In "She Had Some Horses," found in the collection of the same name, Harjo describes the many, often contradictory "horses" within a woman: "She had some horses she loved. / She had some horses she hated. / These were the same horses."
In "This Morning I Pray for My Enemies," which she read for NPR, she relates the sun to the heart.
And whom do I call my enemy?
An enemy must be worthy of engagement.
I turn in the direction of the sun and keep walking.
It's the heart that asks the question, not my furious mind.
The heart is the smaller cousin of the sun.
It sees and knows everything.
It hears the gnashing even as it hears the blessing.
The door to the mind should only open from the heart.
An enemy who gets in, risks the danger of becoming a friend.
The poem appears in Harjo's 2015 collection Conflict Resolution for Holy Beings.
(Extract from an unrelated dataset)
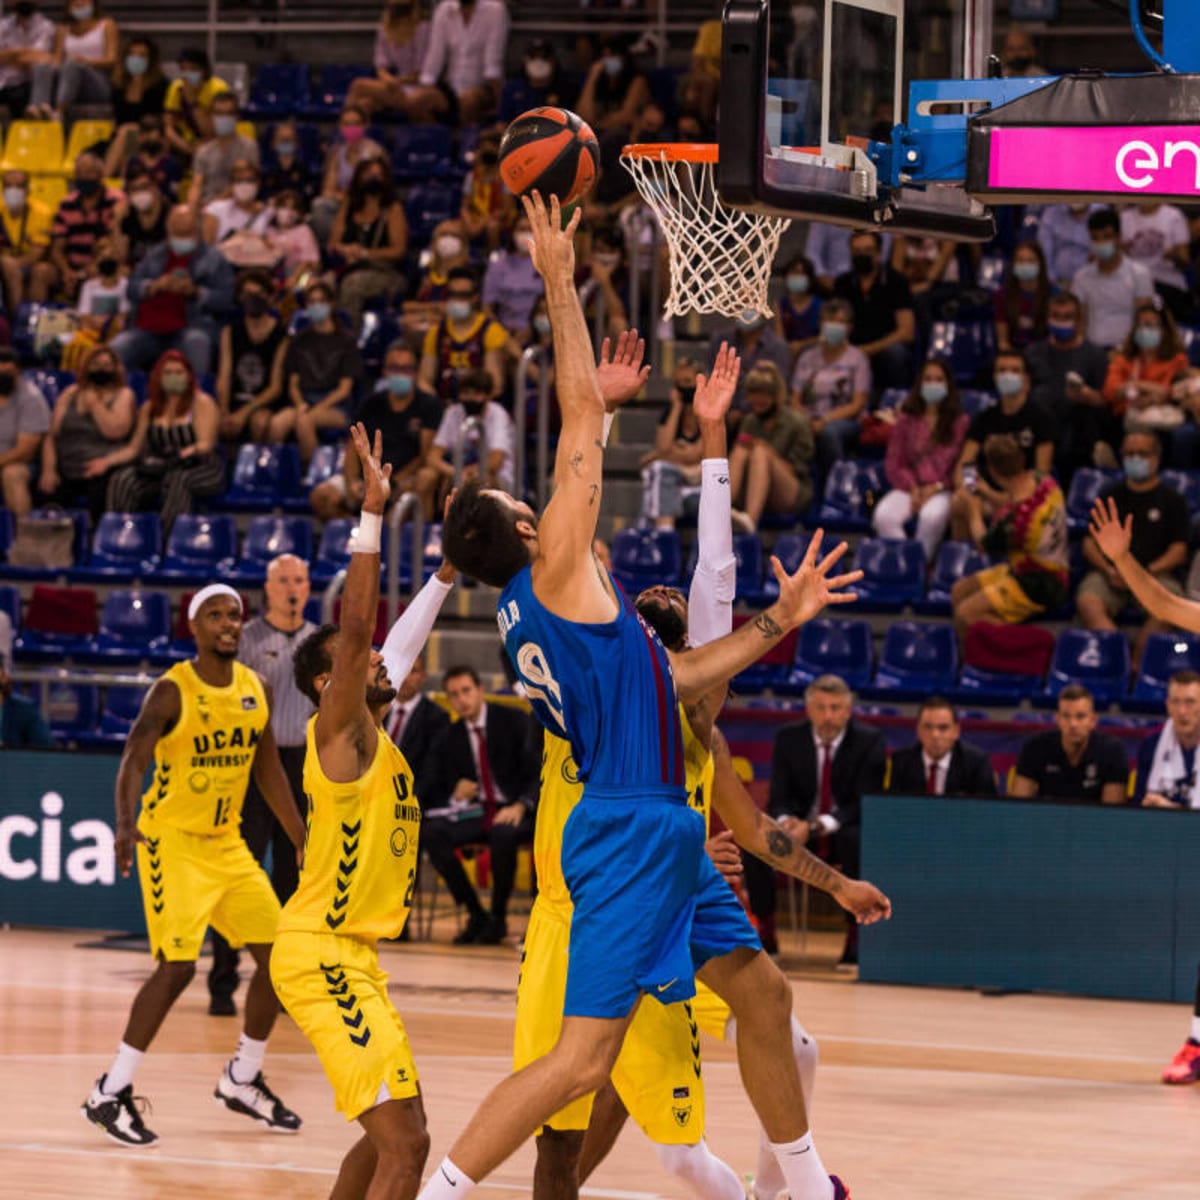 Liga ACB Basketball stream Watch online, TV channel - How to Watch and Stream Major League and College Sports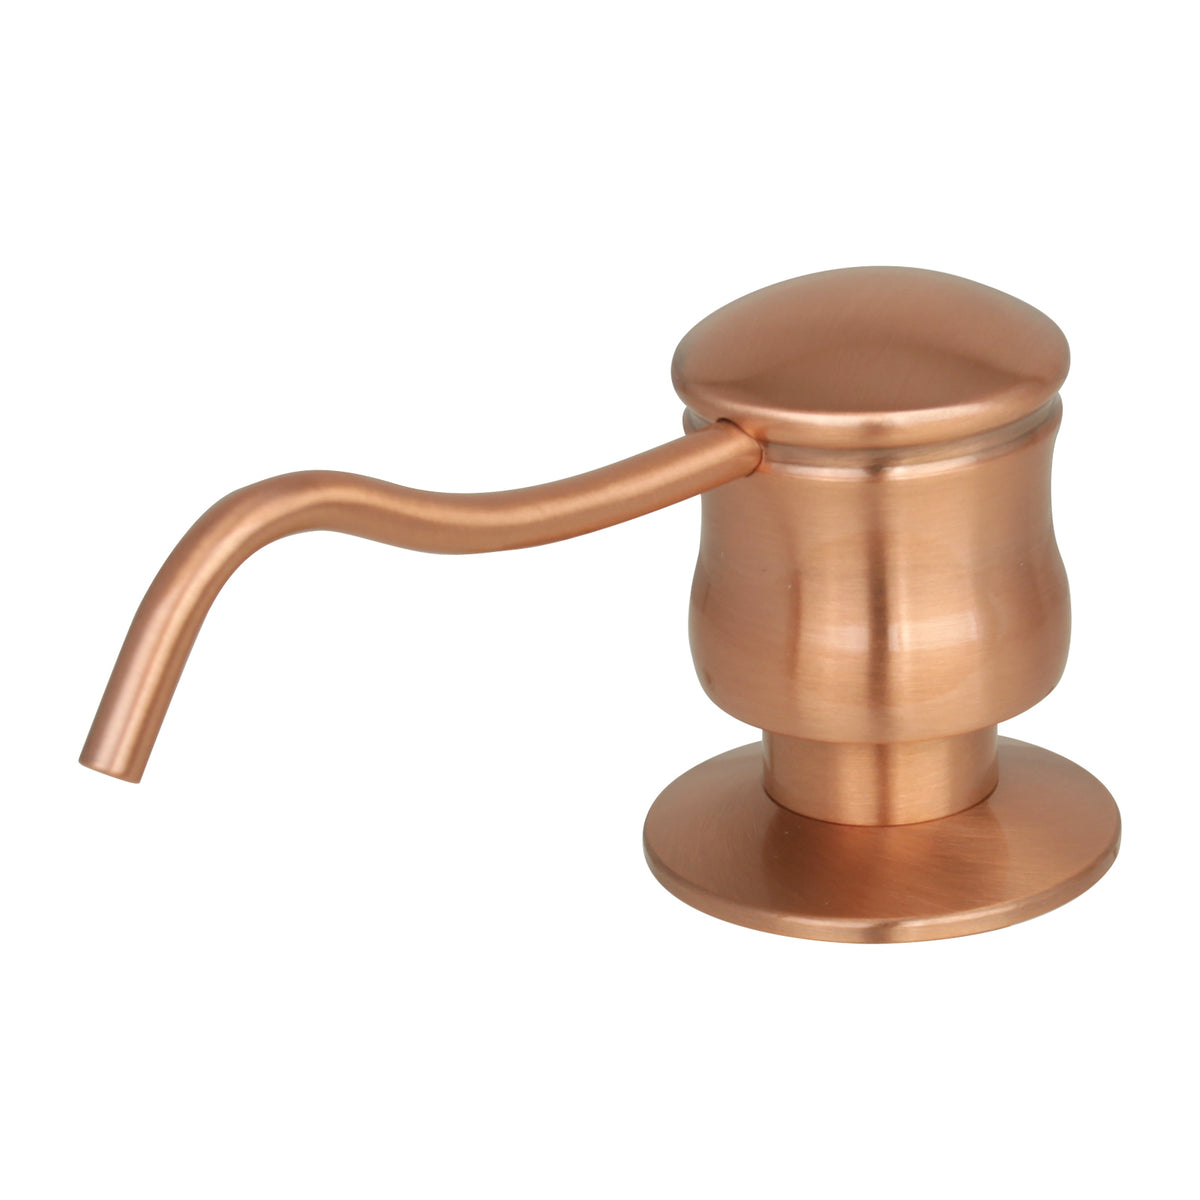 Built in Copper Soap Dispenser Refill from Top with 17 OZ Bottle - AK81006C

Harjo says that humanizing and healing will be her aims as poet laureate — "a healing of people speaking to each other, with each other," she says.
"Communities that normally would not sit with each other, I would love to see ... interchanges with poetry," Harjo says. She suggests gathering "cowboys and Indians" for a poetry summit. "I really believe if people sit together and hear their deepest feelings and thoughts beyond political divisiveness, it makes connections. There's connections made that can't be made with politicized language."
Correction
June 19, 2019
A previous version of this story misspelled Muscogee Creek Nation as Muskogee Creek Nation.